All of the major publishers and media outlets get to publish their best-of lists, so I thought I would publish mine. I have included links to the artist Myspace page so that you can check out their music. They are in no particular order:
Ben Sollee-- Learning to Bend
I only recently discovered this album while listening to NPR. It turns out that he is a member of the Abigail Washburn sparrow Quartet, who plays with Bela Fleck. He is an incredible cellist, but he has found a way to bridge the classical roots of the cello with with a soulful sound of Motown with a little pop sensibility. He has an incredible updated version of Sam Cooke's "A little change in gonna come" and he has a beautiful plea to the new president, "A few Honest words." This is the kind of music we should all be hearing.

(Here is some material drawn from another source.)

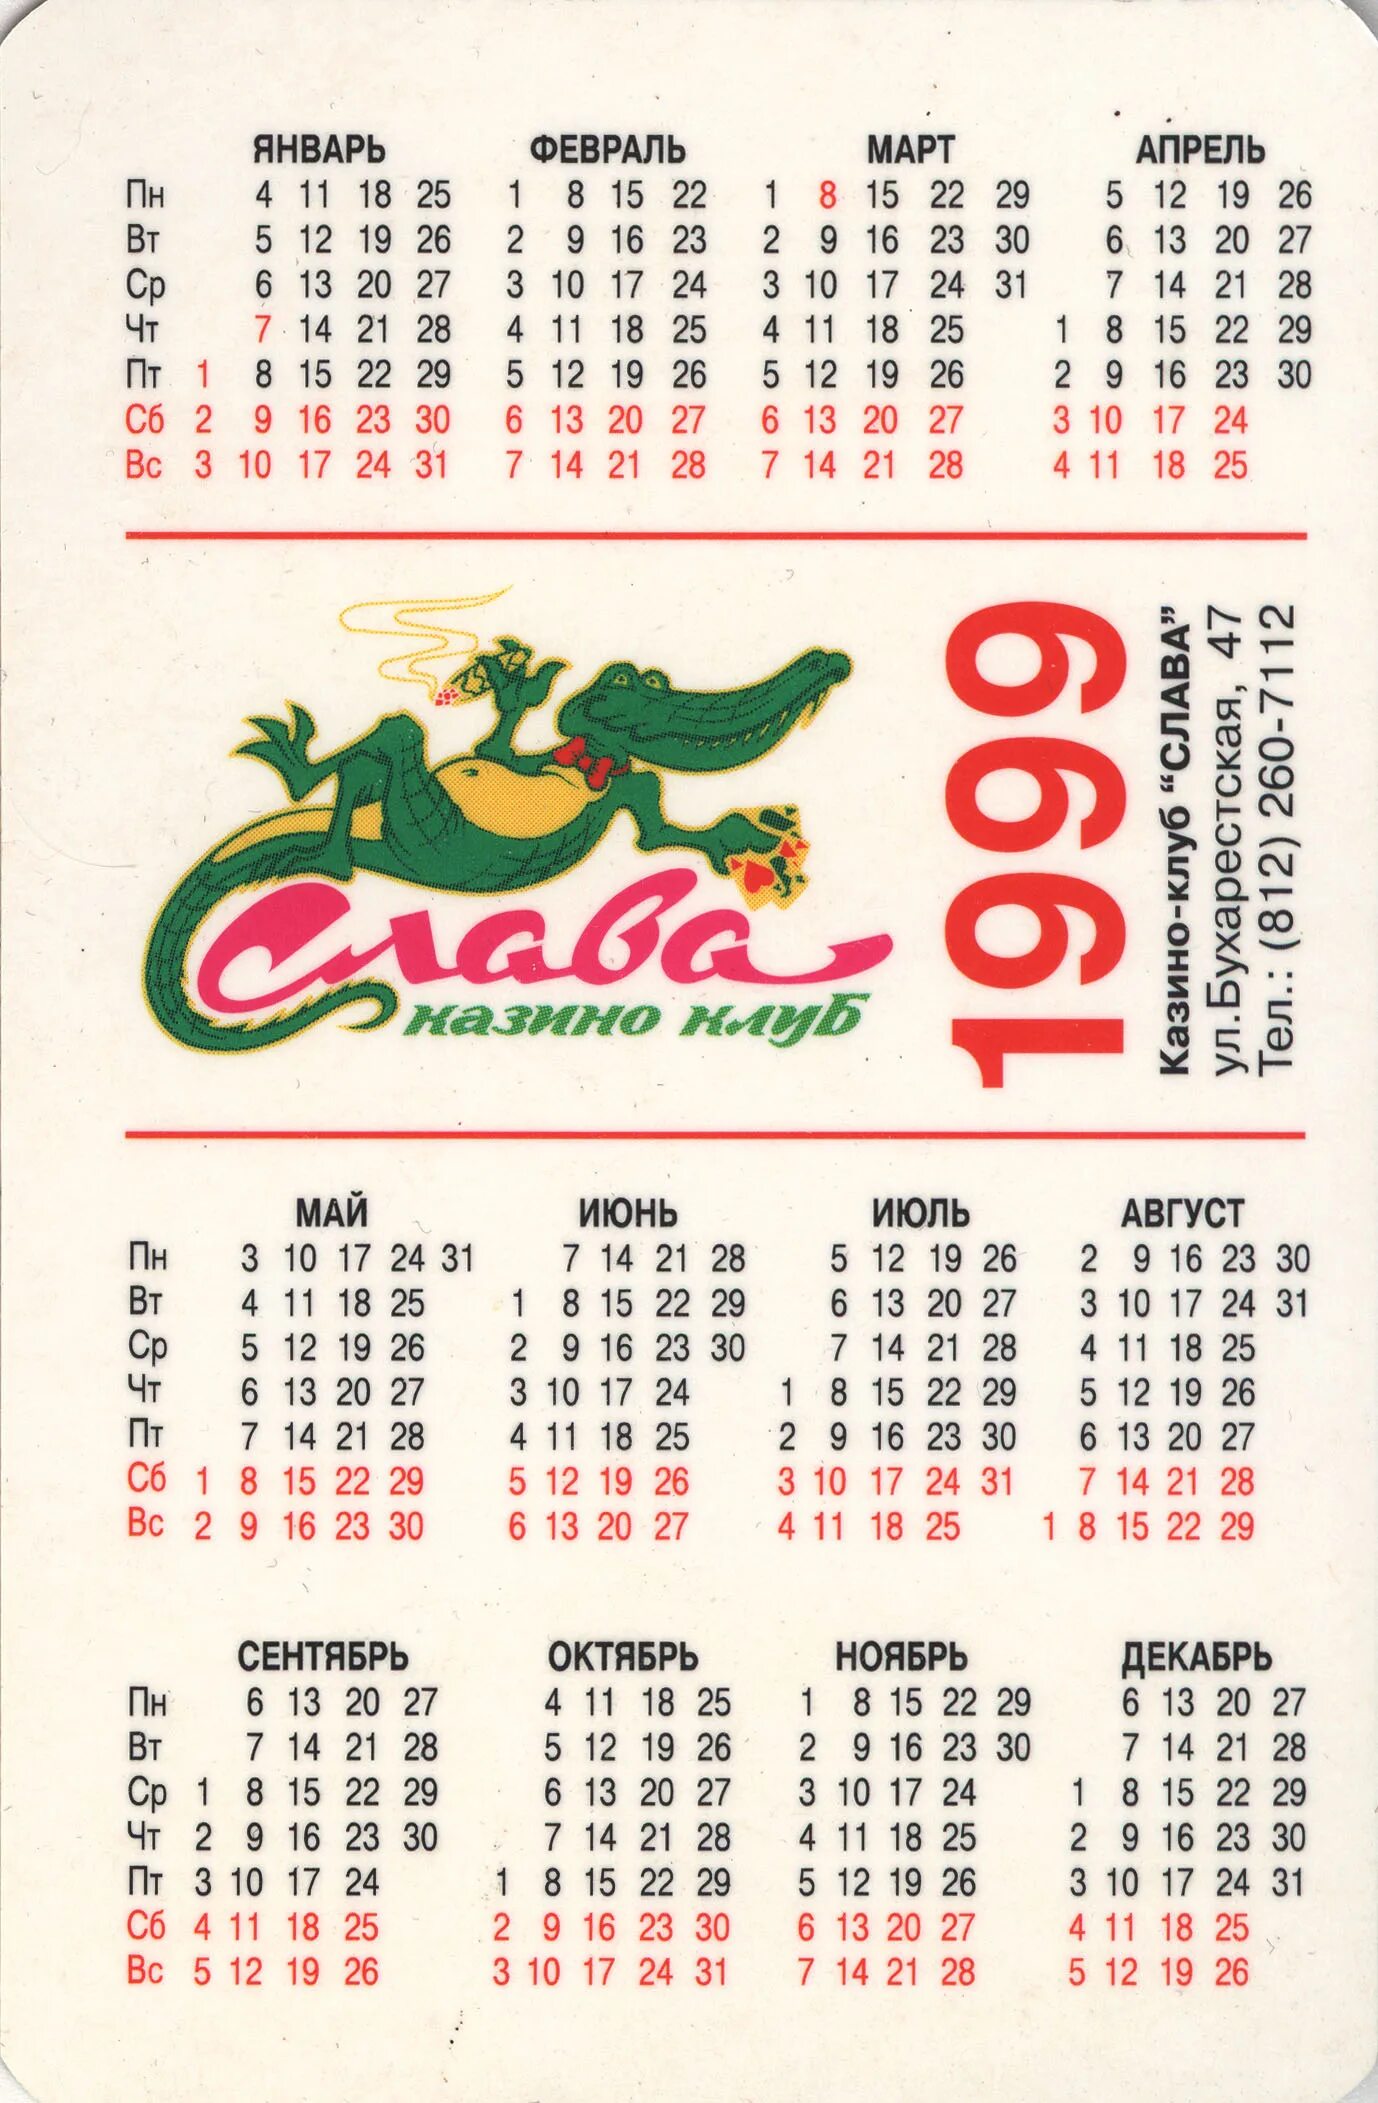 1 июня 1999. Календарь 1999 года. Календарик 1999 года. Календарь 1999 года по месяцам. Июль 1999 года календарь.

Bon Iver-- For Emma, Forever Ago
Absolutely the most beautiful piece of music that I have experienced (again and again) in years. The entire album was written in a cabin in northern Wisconsin after a bitter breakup. The lead singer, Justin Vernon has an impossible falsetto that is nothing more than gorgeous. I highly recommend listening to this album in the middle of the winter with a cool breeze on your shoulder on a park bench with good headphones. The melodies of anger and recovery will most definitely sweep you away. I also recommend checking out their house concert on the Take away shows website. The band plays a house concert then walks through the streets of Paris playing their music. This album has made 2008 bearable.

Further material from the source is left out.